Every line of the material below should be output exactly as written, with the images skipped.

◆ INFORMATION PROVIDED
[Start of section]
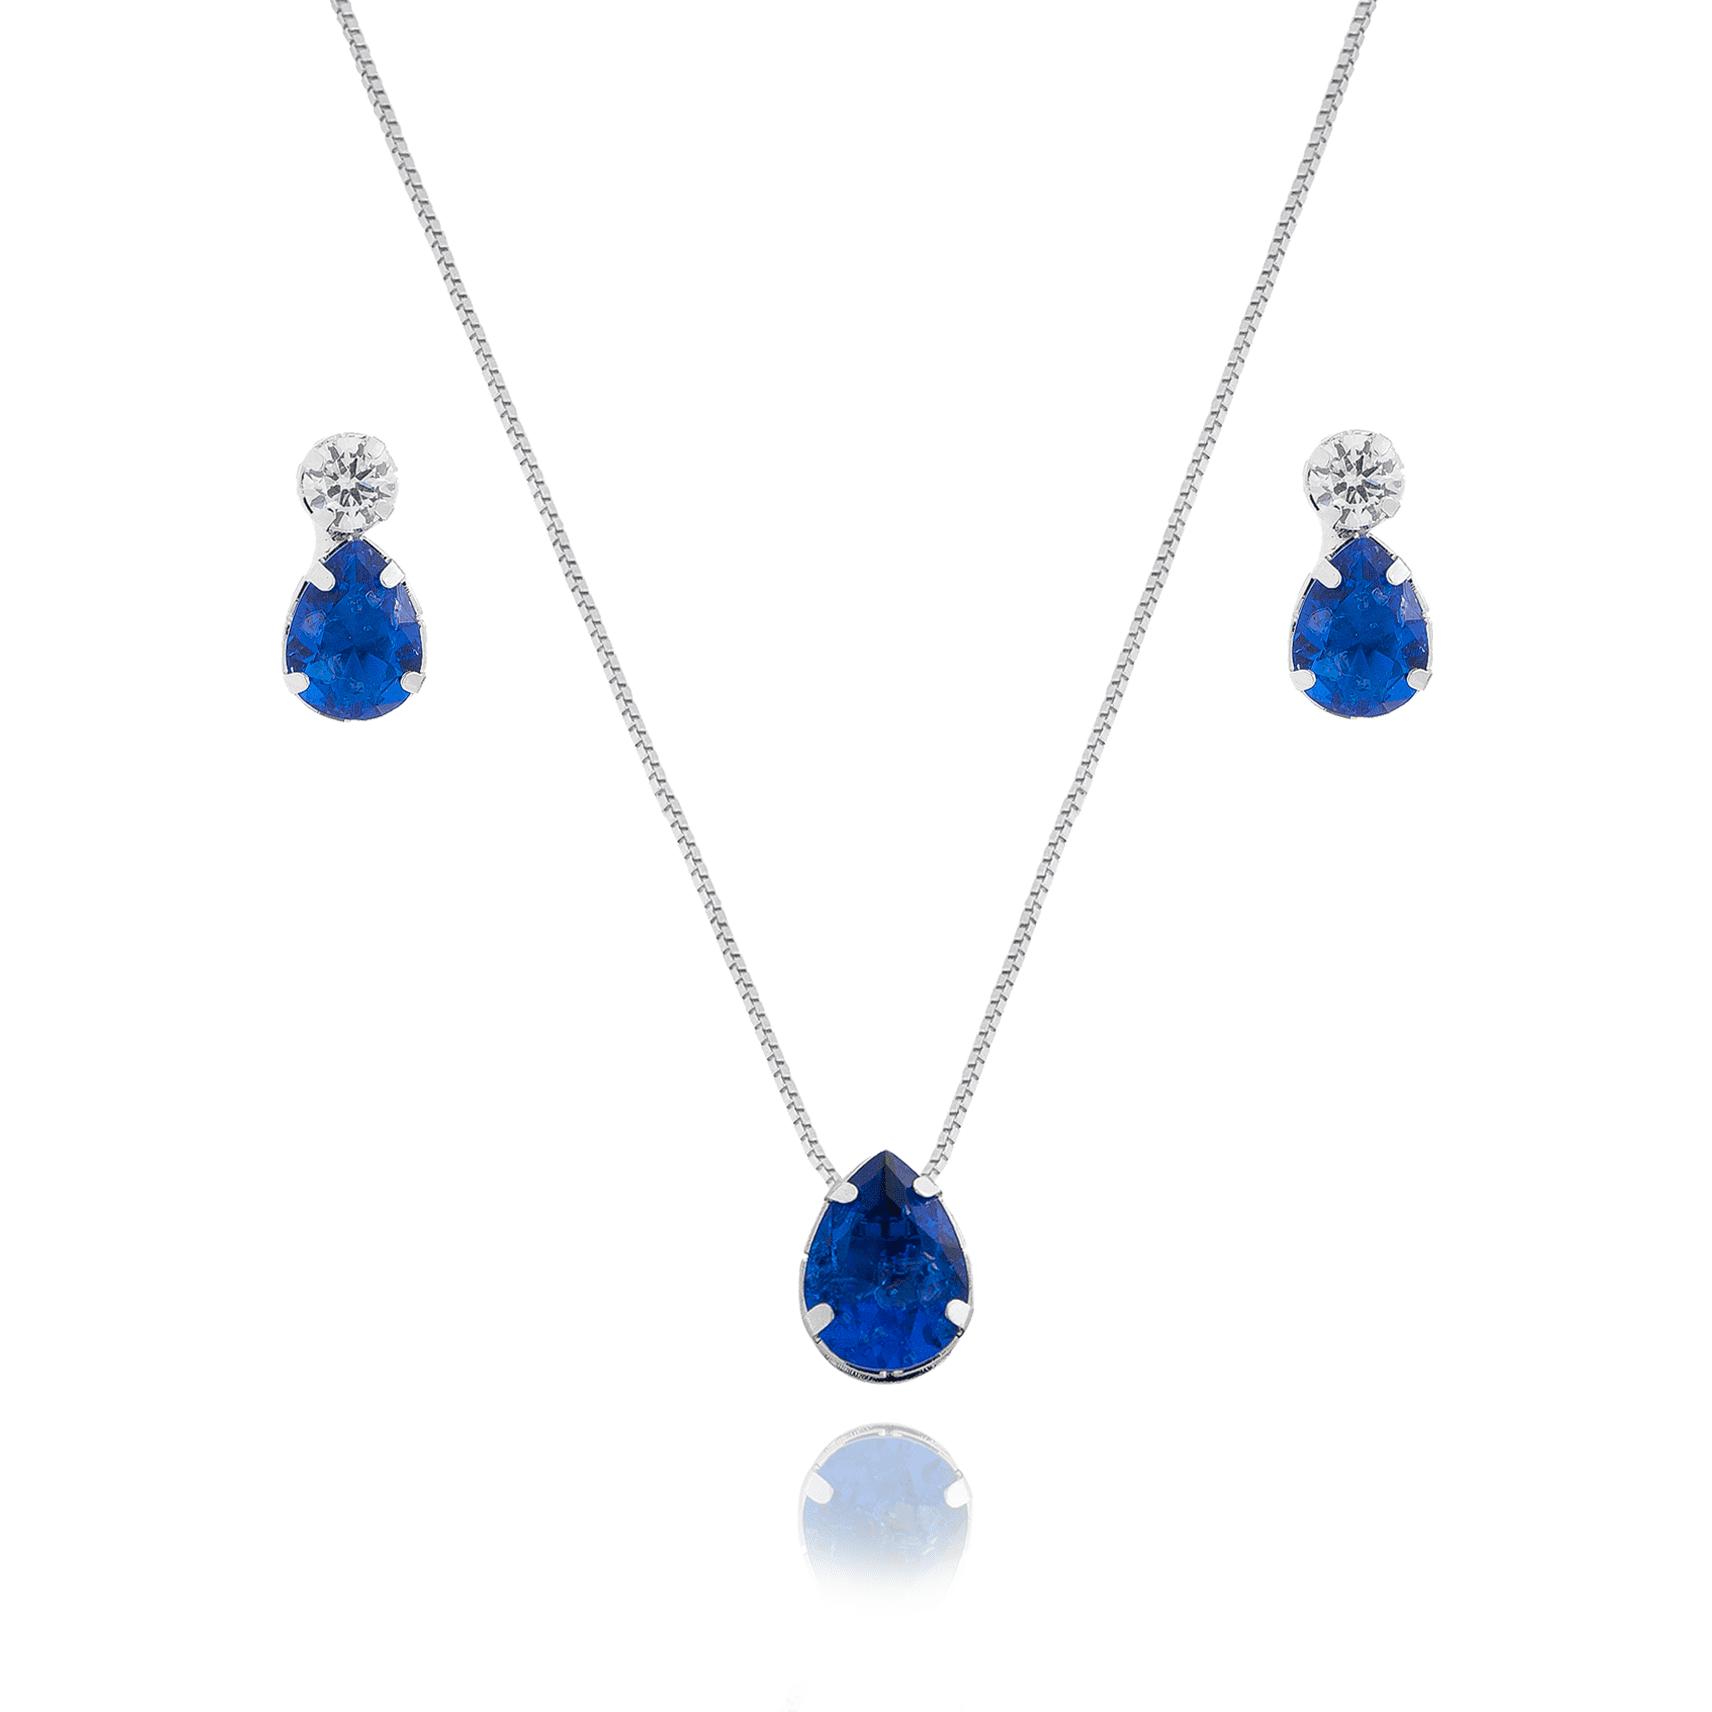 Conjunto de Colar e Brincos Gota com Pedra Fusion Azul Folheado em Ródio Branco - Giro Semijoias
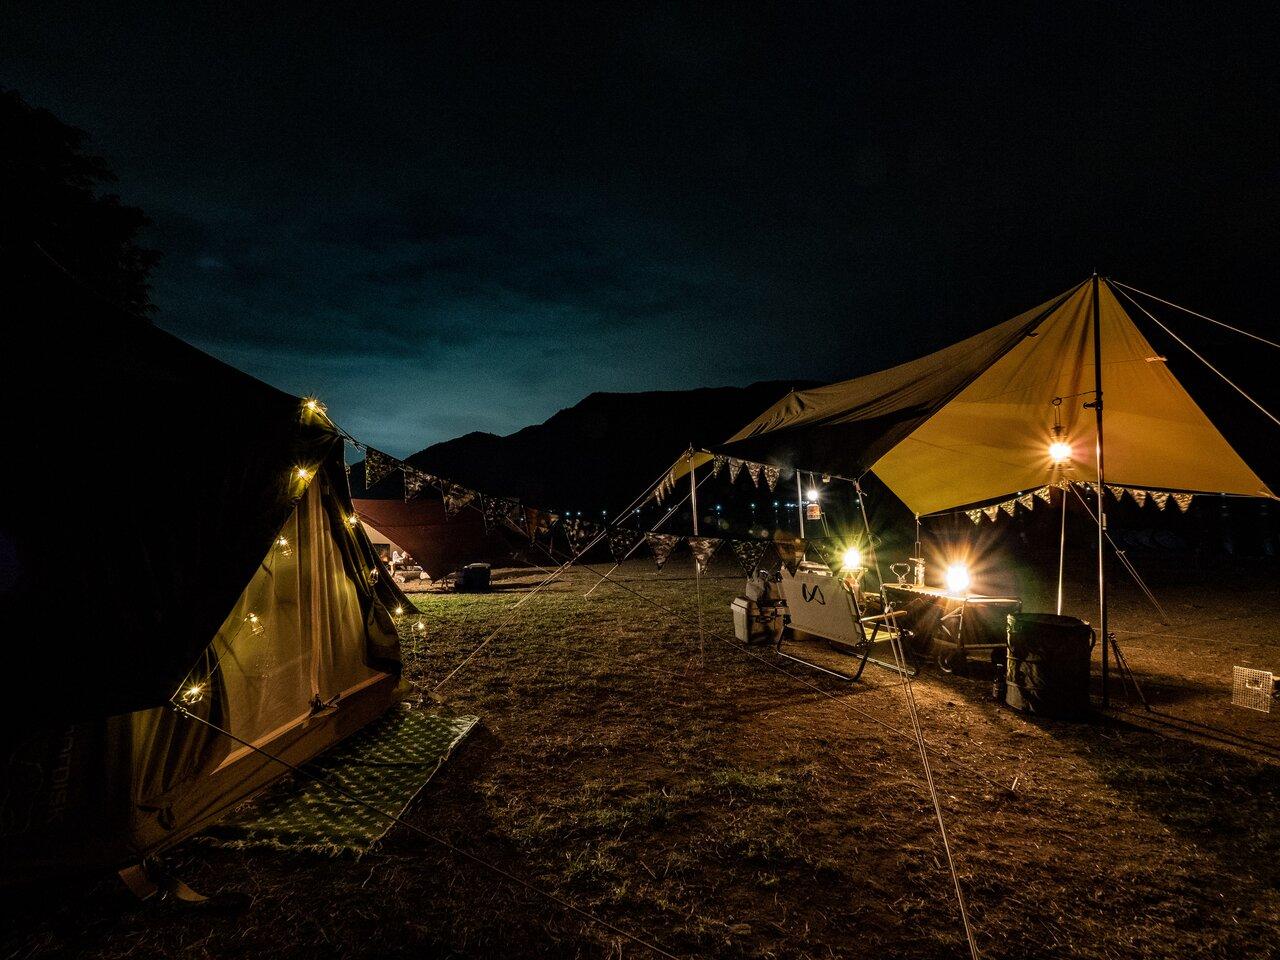 知る人ぞ知る、西湖の老舗キャンプ場で秋キャンプしてきました!
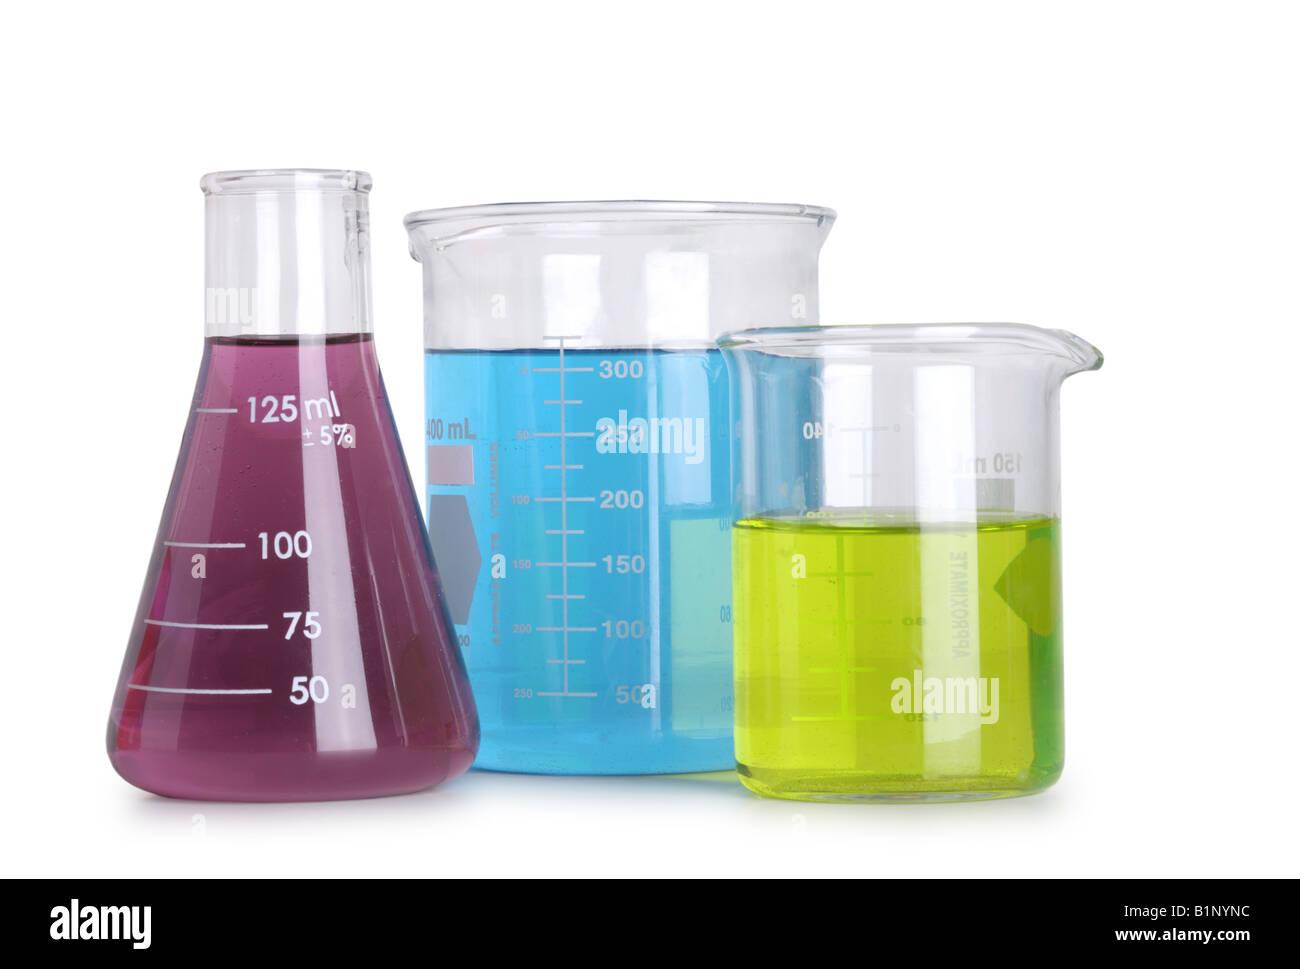 Grupo de ciencia matraces con líquidos de colores recortadas sobre fondo blanco. Imagen De Stock
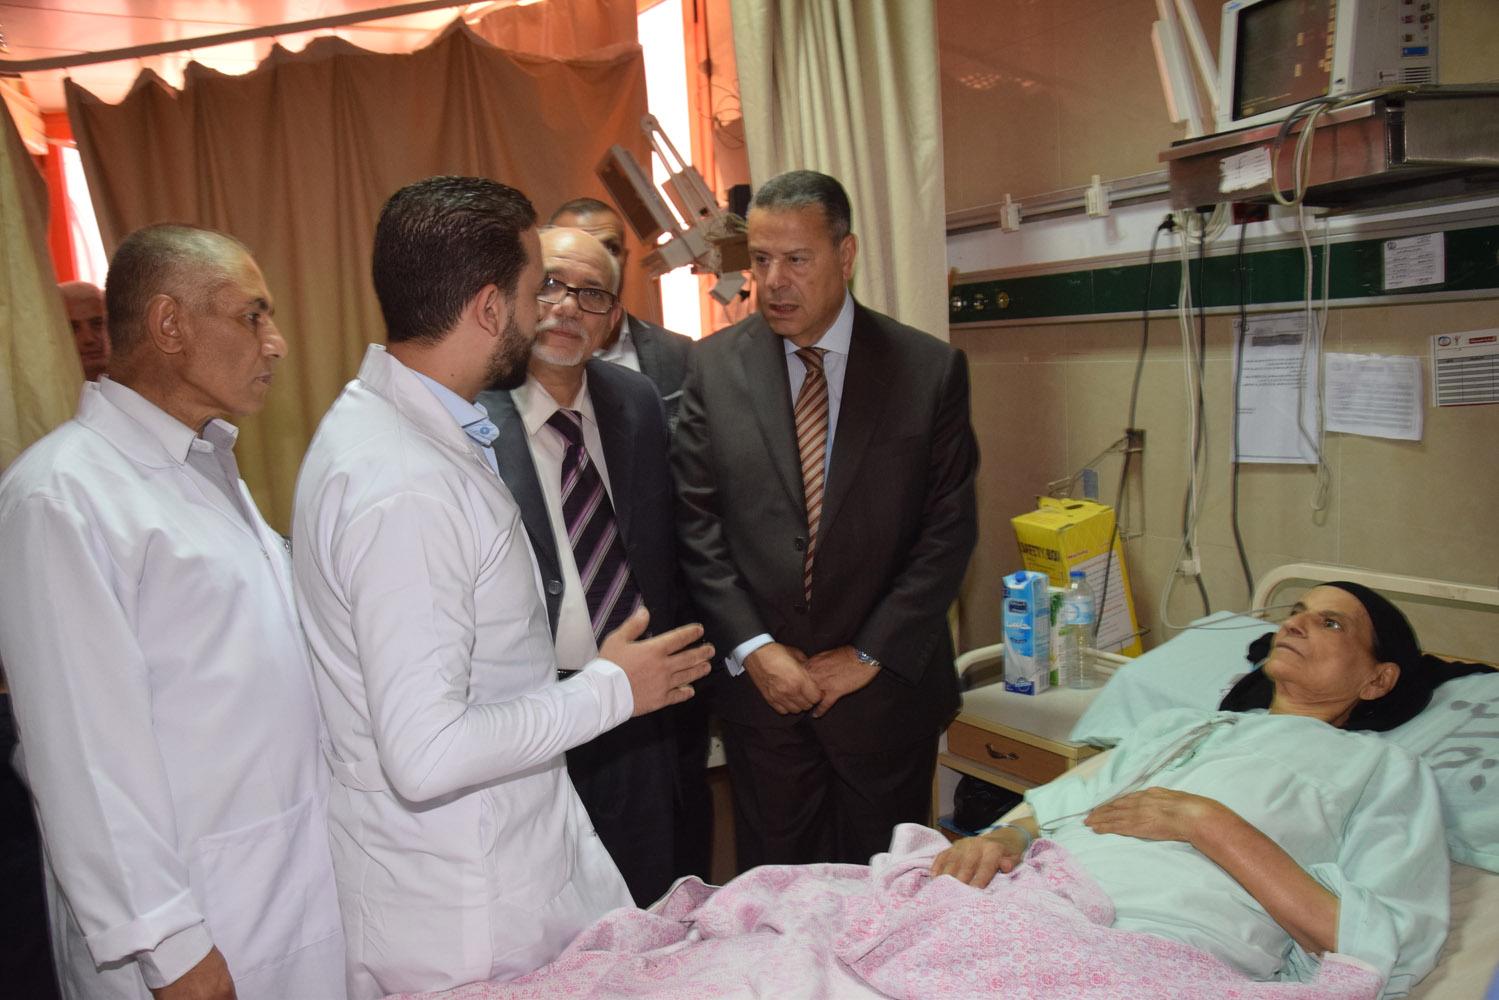 محافظ بنى سويف يتفقد حالة المرضى بمستشفى التأمين الصحى (4)
[End of section]
◆ OUTPUT OF THE TASK
 Conjunto de Colar e Brincos Gota com Pedra Fusion Azul Folheado em Ródio Branco - Giro Semijoias
 知る人ぞ知る、西湖の老舗キャンプ場で秋キャンプしてきました!
 Grupo de ciencia matraces con líquidos de colores recortadas sobre fondo blanco. Imagen De Stock
 محافظ بنى سويف يتفقد حالة المرضى بمستشفى التأمين الصحى (4)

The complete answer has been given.